On Sep 27, 2011, at 5:42 PM, Camille Fournier wrote:

> This:
> 
> HashSet<String> es = zks.getZKDatabase()
> .getEphemerals(request.sessionId);
> 
> Is outside the synchronized block that deletes the ephemerals:
> 
>                 synchronized (zks.outstandingChanges) {
>     for (ChangeRecord c : zks.outstandingChanges) {
>     if (c.stat == null) {                            // Doing a delete
>                           es.remove(c.path);                        }
> else if (c.stat.getEphemeralOwner() == request.sessionId) {
>                 es.add(c.path);                        }
>     }                    for (String path2Delete : es) {
>           addChangeRecord(new ChangeRecord(txnHeader.getZxid(),
>                         path2Delete, null, 0, null));
>   }                }
> On Tue, Sep 27, 2011 at 7:26 PM, Mahadev Konar <[email protected]> 
> wrote:
>> Camille,
>>  I am a little confused on the explanation/text. Probably might want
>> to update the jira (if kishore opens one) with a little more detail.
>> 
>> thanks
>> mahadev
>> 
>> On Tue, Sep 27, 2011 at 2:20 PM, Fournier, Camille F.
>> <[email protected]> wrote:
>>> So, the node was created by 0x13220b93e610550 at 12:17:56, then that 
>>> session closed at 12:17:57, the node did not delete, and a bunch of other 
>>> sessions later tried to create the node. These sessions got nodeexists 
>>> failures I presume?
>>> 
>>> 
>>> Forgive the block of text I'm going to write instead of code:
>>> 
>>> I'm going to bet that the problem lies in PrepRequestProcessor. If we get 
>>> the ephemerals for the session while an ephemeral is still in 
>>> outstandingChanges and has not been committed, then another thread commits 
>>> that ephemeral and removes it from outstanding changes before synchronizing 
>>> in the outstandingChagnes block, we could never put it in the ephemeral set 
>>> that we are using to reflect ephemerals to delete. I think we need to move 
>>> the synchronized block up before we get the ephemerals from the database. 
>>> But this is a bit of speculation at the moment. Can you create a JIRA 
>>> tracker for me to look at this?
>>> 
>>> Thanks,
>>> C
>>> 
>>> 
>>> 
>>> -----Original Message-----
>>> From: kishore g [mailto:[email protected]]

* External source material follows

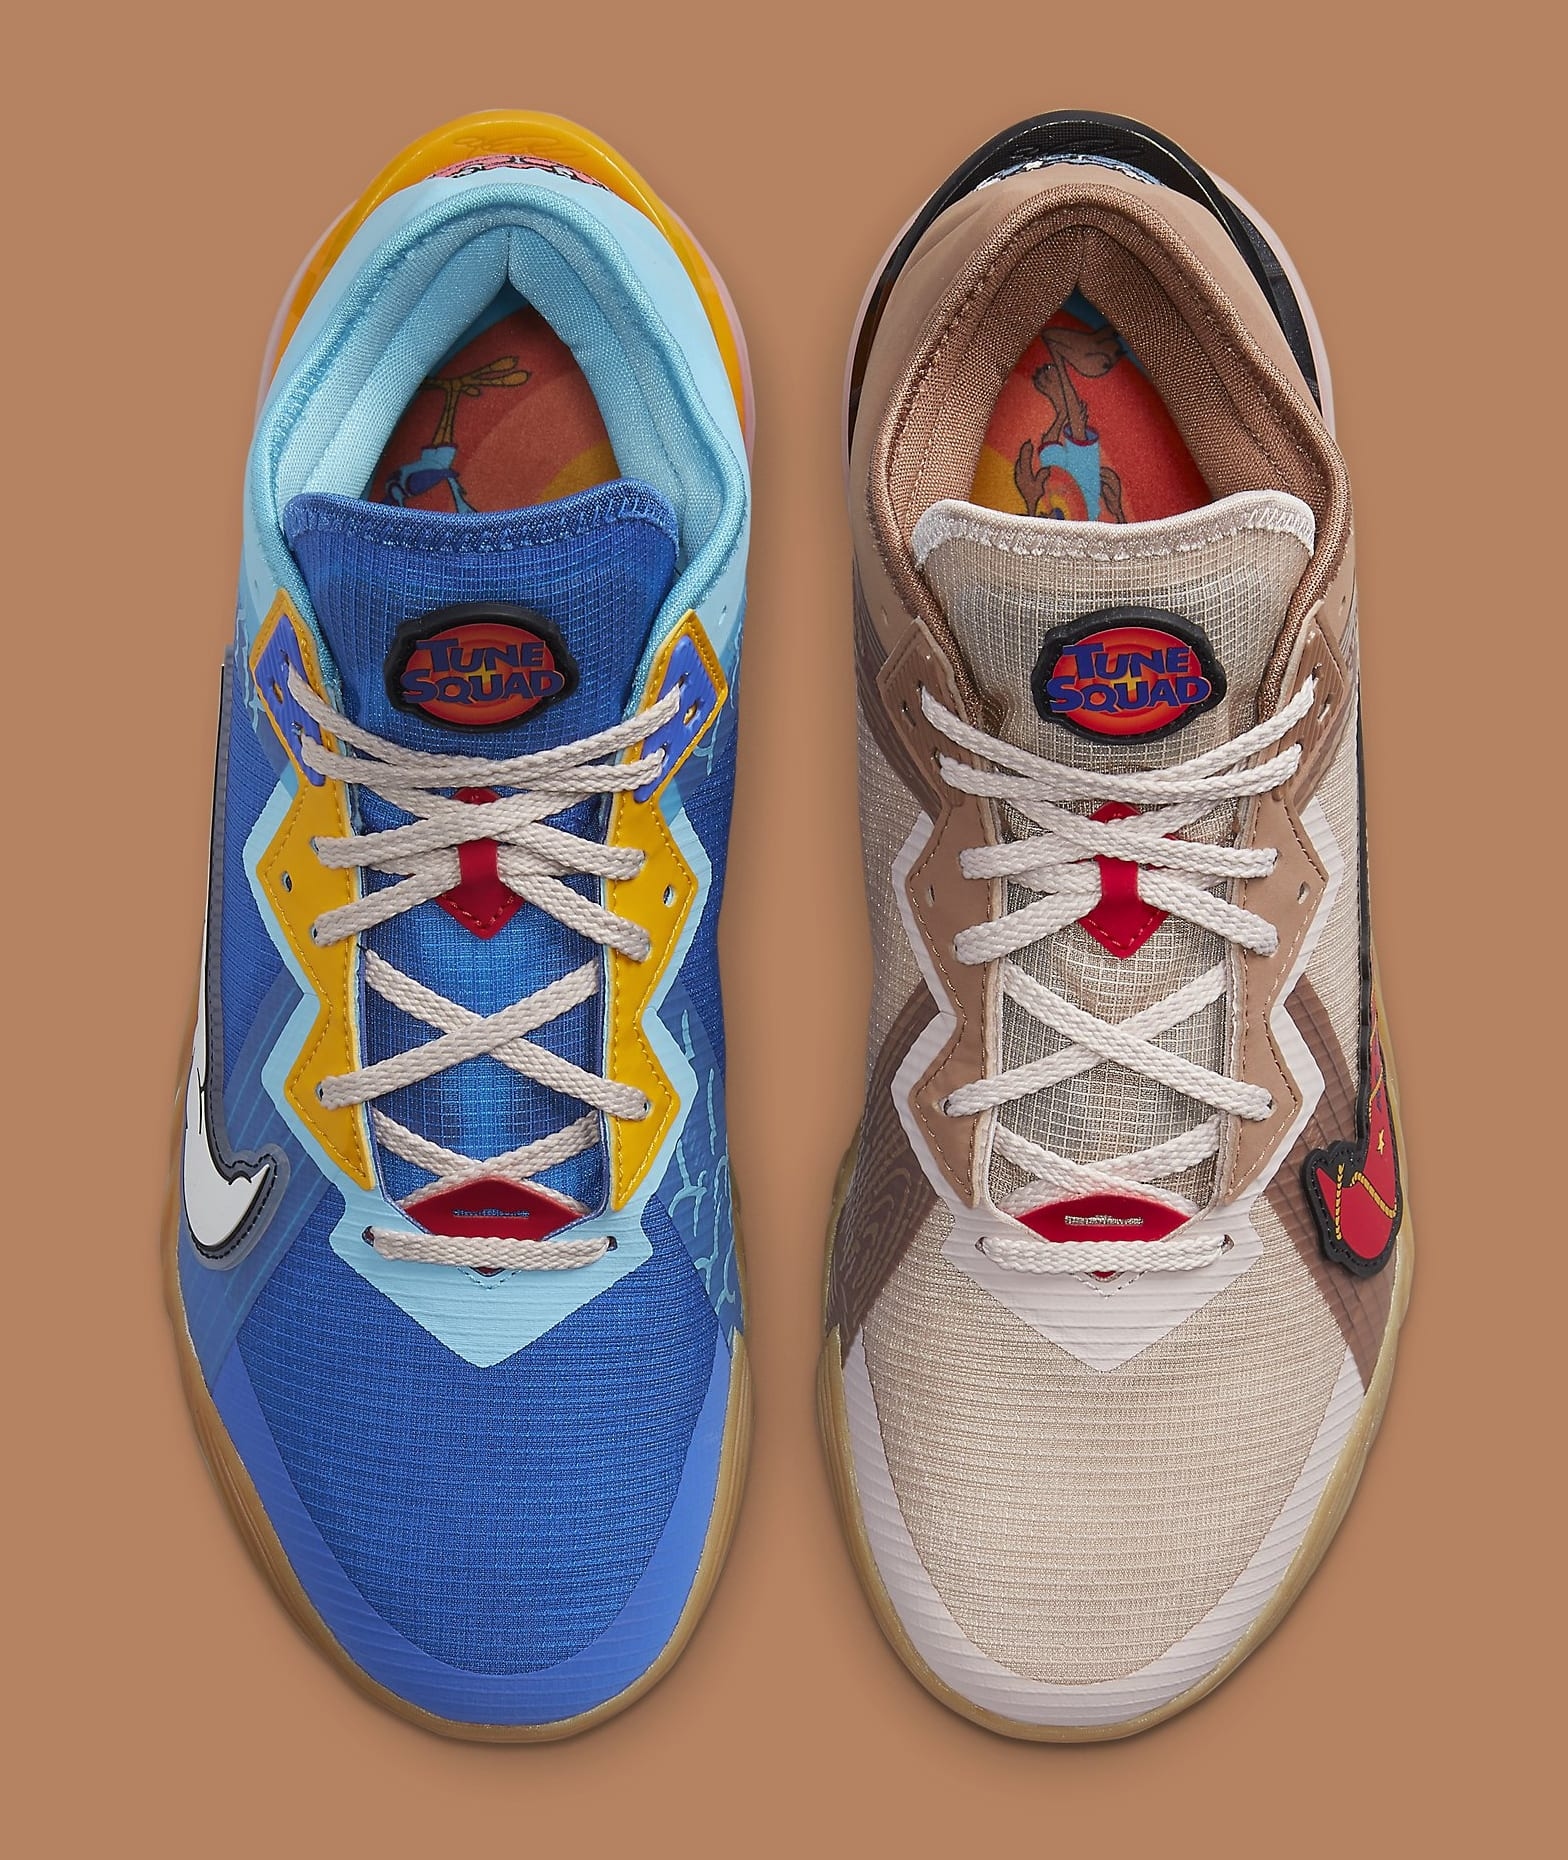 Xbox x Nike LeBron 18 Low 'Wile E. x Roadrunner' DO7172-900 Top

>>> Sent: Monday, September 26, 2011 1:07 AM
>>> To: [email protected]
>>> Subject: Re: ephemeral node not removed after the client session is long 
>>> gone
>>> 
>>> Hi,
>>> 
>>> I got the following information from the logs.
>>> 
>>> The node that still exists is
>>> /kafka-tracking/consumers/UserPerformanceEvent-<host>/owners/UserPerformanceEvent/529-7
>>> 
>>> I saw that the ephemeral owner is 86167322861045079 which is session id
>>> 0x13220b93e610550.
>>> 
>>> After searching in the transaction log of one of the ZK servers found that
>>> session expired
>>> 
>>> 9/22/11 12:17:57 PM PDT session 0x13220b93e610550 cxid 0x74 zxid 0x601bd36f7
>>> closeSession null
>>> 
>>> On digging further into the logs I found that there were multiple sessions
>>> created in quick succession and every session tried to create the same node.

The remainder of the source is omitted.